Messaggioda giorgio6 » lun nov 17, 2014 7:17 pm

Ciao, voglio scrivere la mia esperienza per dare speranza a tutti.
Sono un eritrofobico da una ventina d'anni ma oggi vivo una vita perfettamente normale: lavoro, ho una ragazza, sono tornato a studiare all'università e ho una nutrita cerchia di amici. Intorno ai 20 anni mi capitava di entrare in una libreria e rimanere dentro per un'ora aspettando il coraggio di presentarmi alla cassa con il libro che avevo scelto. a volte il coraggio non arrivava e semplicemente rimettevo sullo scaffale il libro e uscivo con la coda bassa dal negozio. oggi come ho detto ho superato quasi del tutto il problema, nel senso che ancora faccio i conti con la paura e con qualche saltuario rossore ma non c'è niente che io eviti di fare, quindi diciamo che convivo con la paura senza lasciarmi condizionare nelle mie scelte di vita.

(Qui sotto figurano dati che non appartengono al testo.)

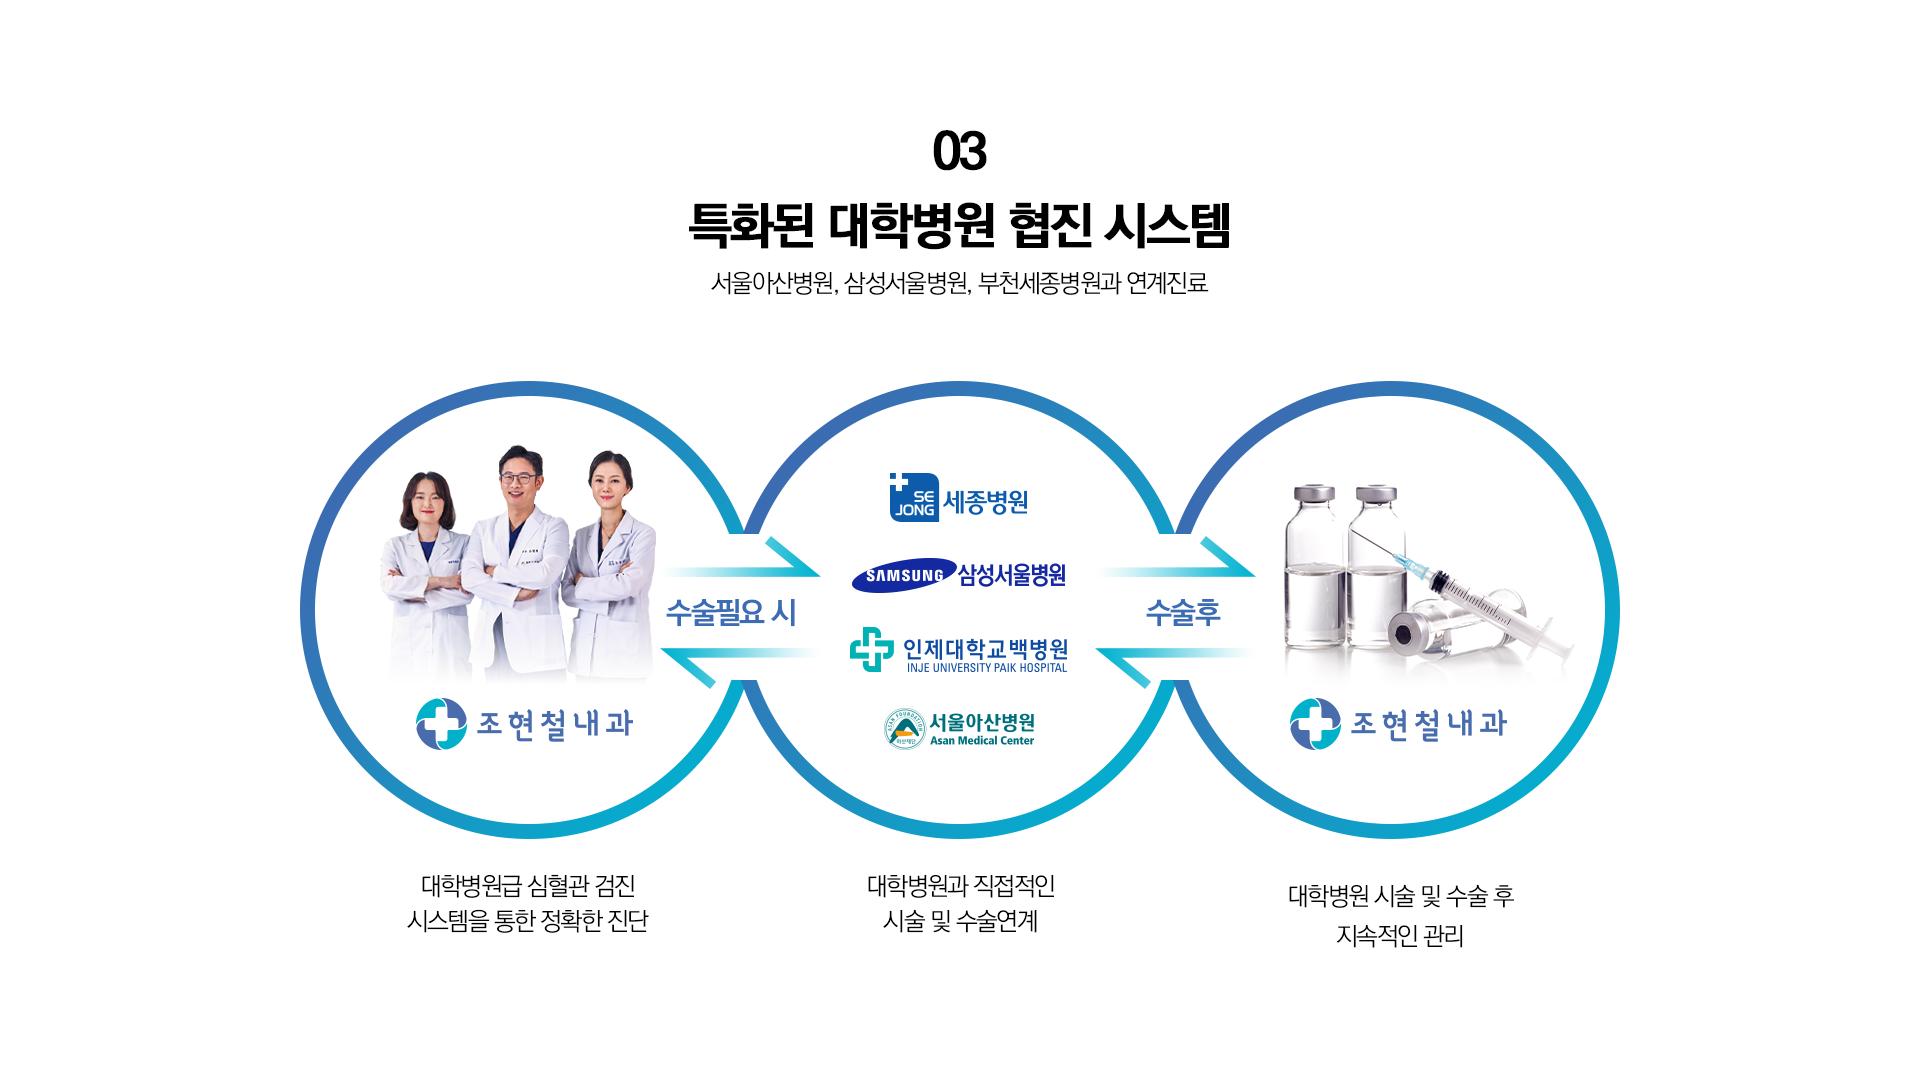 대학병원 협진 시스템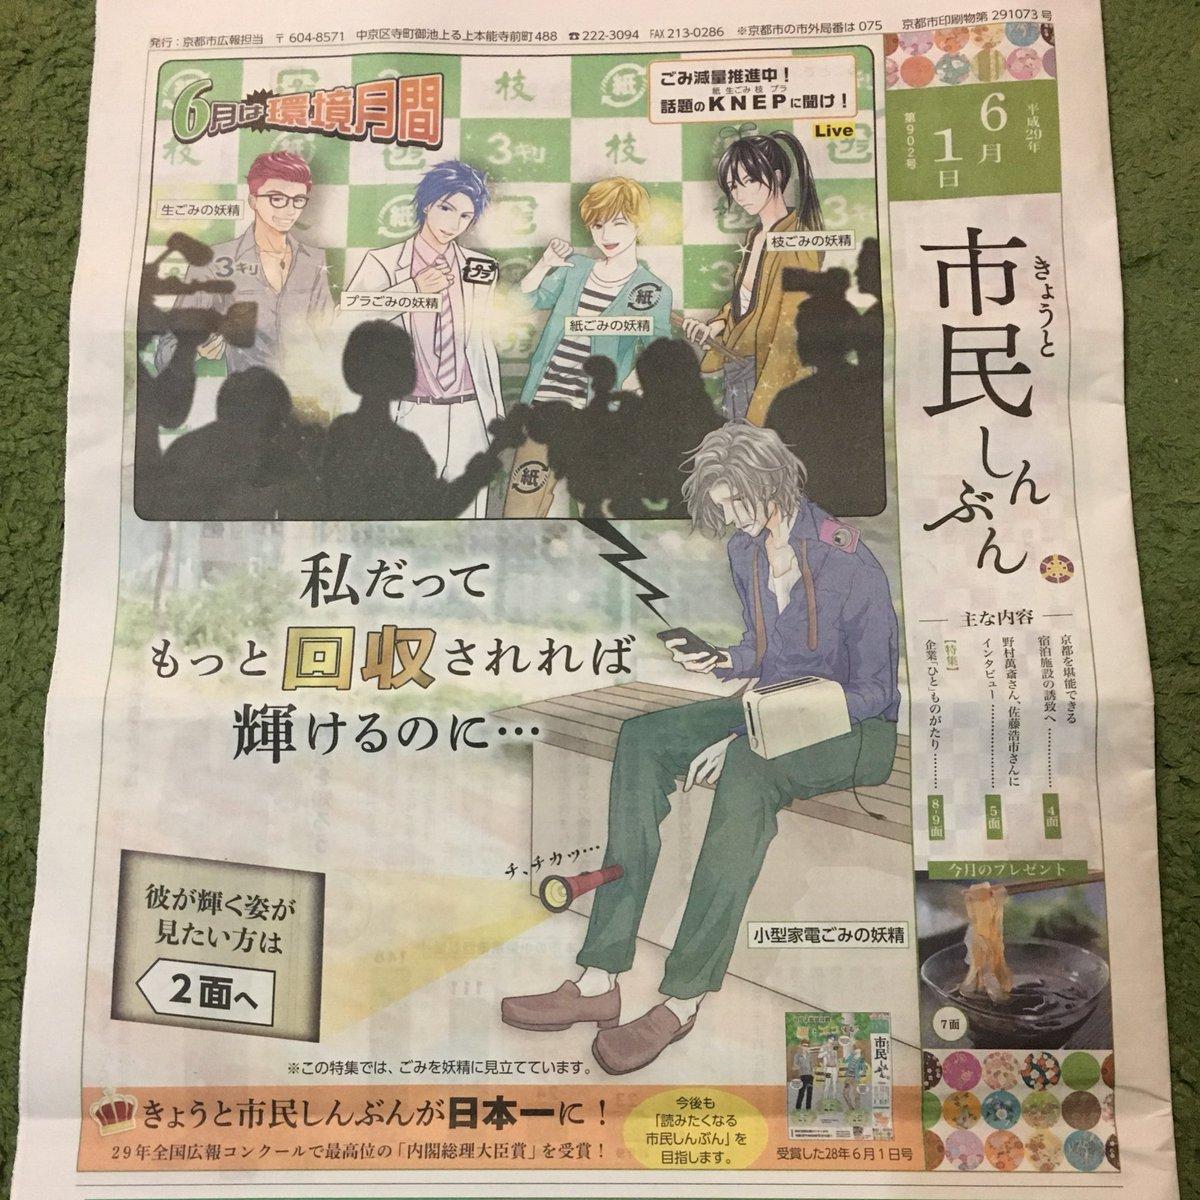 京都市民新聞がえらいことになってる上に、母上が「小型家電、回収される前の方がいい」とか言い出して、死ぬほど笑ってるなう。

Per vincere il mio problema ho provato di tutto, dai fiori di back a tutte le psicoterapie di questo mondo e alla fine posso dirvi con certezza cosa mi ha guarito, che poi è anche l'unico motivo per cui avete letto questo post finora: terapia breve strategica e mindfulness.
Credetemi, queste due cose mi hanno cambiato la vita. L'importante è rivolgersi a persone davvero preparate. Io ho fatto la terapia breve strategica con il fondatore della scuola G N, presso il centro di terapia strategica di arezzo. Credetemi è un genio, è il sigmund freud del 2000. Le sedute costavano 160 euro ciascuna a cadenze bisettimanali. L'accordo era che se non ci fossero stati miglioramenti entro le prime 10 sedute ci saremmo salutati. ma i miglioramenti sono arrivati già dopo la prima seduta, anche se poi ci è voluto molto più tempo per rimettere insieme i pezzi dopo 15 anni di eritrofobia. Anche per la mindfulness mi sono rivolto a istruttori formatisi alla suola americana di kabat zinn e anche quella è un'esperienza che mi accompagna ormai da tanto tempo giorno dopo giorno e che mi sta trasformando sempre di più facendomi vedere il mondo sotto una luce completamente nuova.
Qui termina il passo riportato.